In 2000, the European Society for Medical Oncology had a membership in the thousands, but only 20% of them were women. Today that figure has nearly doubled. This changing professional population has access to, and encouragement from, a supportive network set up by then-ESMO President Martine Piccart 5 years ago, looking into the under-representation of women in leaderships in oncology.
The ESMO Women for Oncology initiative aims to support female oncologists in reaching leadership positions by acknowledging the accomplishments of women in the field, highlighting female leaders as models of excellence, and providing a platform to endorse and connect other initiatives.
Speaking at ESMO 2018 in Munich, Dr Solange Peters said “I think one very important is mentoring, sponsoring, so people having achieved a nice career, women and men, helping women to grow – proposing their name, proposing they would be on stage and so on, this is our role.”
“The mentor is giving you advice, he’s speaking with you, so a sponsor is a person who will you take you with him to not speak with you but speak about you; taking some risk, saying, ‘I want this lady to speak about this topic.’ So it’s a little bit more risky and a commitment in front of women but you have to find these sponsors and mentors who might not be working with you in your city. So we have to really create a network where you could make people connect.”

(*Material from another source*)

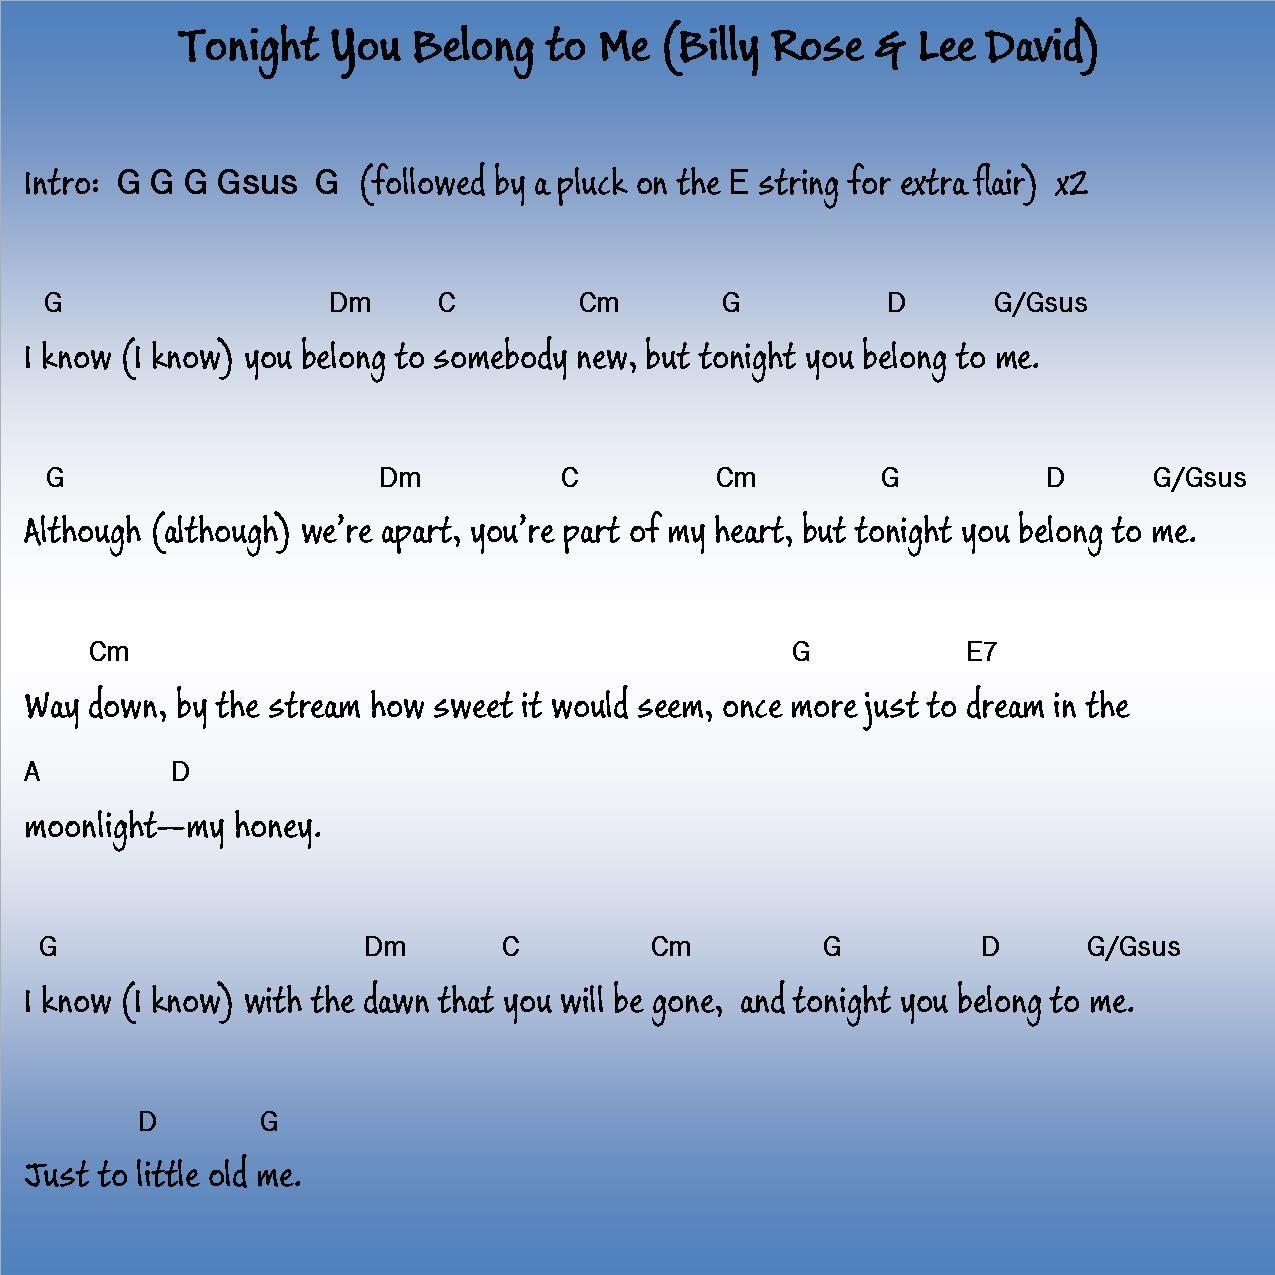 Tonight You Belong to Me   Ukulele songs, Ukulele, You belong
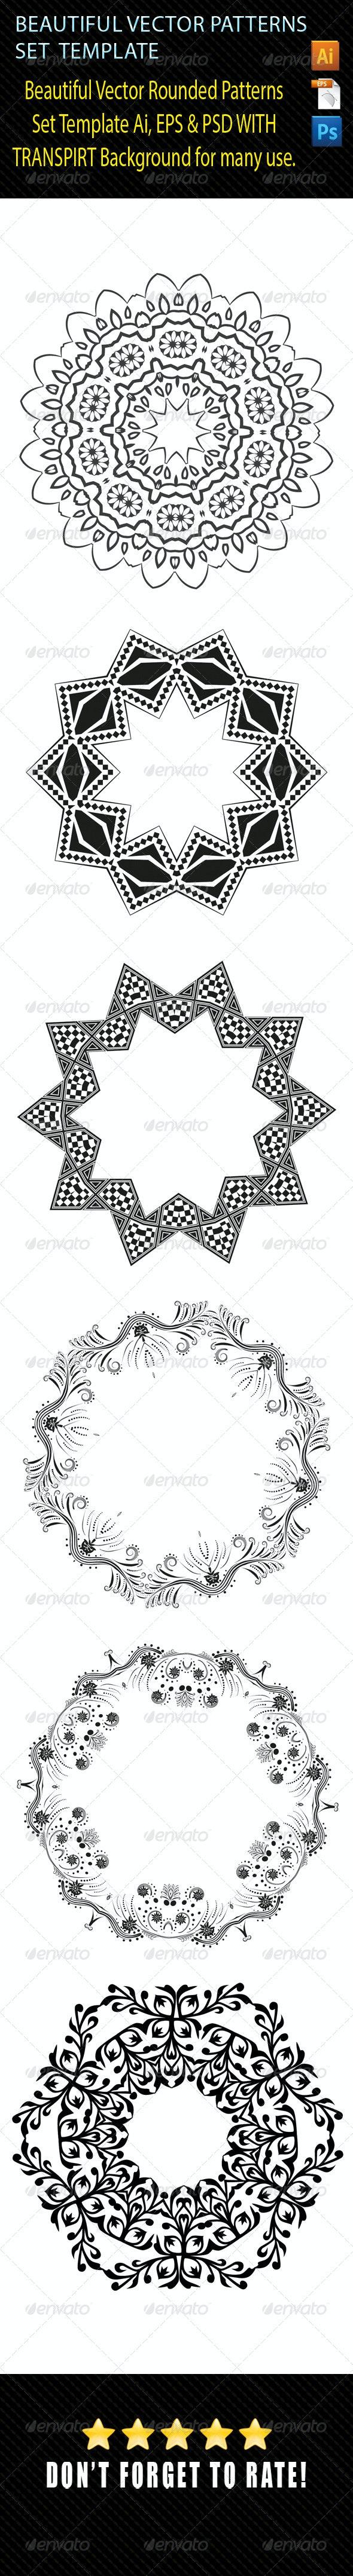 Vector Pattern Set Template 01 - Patterns Decorative

This years winner of the ESMO Women for Oncology Award was Margaret Foti, CEO of AACR and cofounder of Women In Cancer Research (WICR) within AACR. She said “It is very rewarding for me to be recognised with this wonderful award as I have strived throughout my career to serve as a mentor to women in the cancer field.
“The professional success of women scientists and physicians is essential for rapid progress in cancer research, biomedical science, patient care, and public health.” Margaret Foti
“The AACR and I are very committed to continuing to enhance the status of women in oncology, to increase their professional opportunities, and to offer mentorship and support. If we are to significantly reduce cancer incidence, morbidity, and mortality around the world, we must facilitate the vital contributions and leadership opportunities of women in oncology.”
Previous winners include Frances Shepherd, Sumitra Thongprasert and Enriqueta Felip.
Dr Felip won the award in its first year of presentation at ESMO 2014, for her work calling attention to the gaps in representation between oncology professionals and the executive board of their respective organisations.
A recent survey of 700 ESMO members found that, while more than half of the teams were majoritively female, 60% of the team leaders were male.
So, simply increasing the rate of membership does not automatically improve equitability in participating with the organisation, conference or mentorship programmes. That requires structural provisions to widen access for those with other pressures from outside of work. Or as Dr Peters puts it, “facilitating the operations, meaning we have here a childcare, for example. We can also offer flexible fellowships in terms of age – should you have an age limit at 40 when you had three kids or can you grow the age a little bit more and so on. So we have to create around the women’s conditions some operational facilities which will allow women to make a career with a little bit less obstacles. So all these things are ongoing.”
As well as the central award, W4O supports female oncologists on a national basis across Europe where equity of access and controlling positions can vary. Marina Chiara Garassino, Scientific Committee Member of ESMO and Women for Oncology Italy writes “Less than 20 women in Italy are heads of oncology departments and less than 20% participate in oncology congresses as invited speakers. Women for Oncology Italy aims to support women’s career development in Italy by increasing their leadership skills through networking and mentorship programmes”
In Greece, the W4O-Hellas network supports women as professionals in oncology, and also encourages dialogue between those doctors and their female patients. Helena Linardou, representative of the Coordinating Committee of W4O-Hellas writes “This forum of women will promote the interaction and exchange of ideas among women oncologists in Greece and across Europe and will embrace and assist them throughout their career in oncology. The novelty, however, is that at the same time, this forum will offer advice, awareness and support directly from women oncologists to women suffering from cancer and their families in Greece.”
Dr Peters added “I have been seeing satellite symposia with only men; I have been seeing some advisory boards with only men. So still there are other levels where the expertise of women is still maybe not completely appreciated. So on that side, maybe a bit more hidden in the rooms, we have to be careful that women are also at the top level. Because at the end most of the changes come from there and go down.”
“It shouldn’t be difficult to convince because if you find a good group of people that you mentor or support, again your life becomes easier because these people are willing to work, to commit in projects, initiatives. So it should be for everyone a better situation but it takes some time for implementation, that’s the only thing.”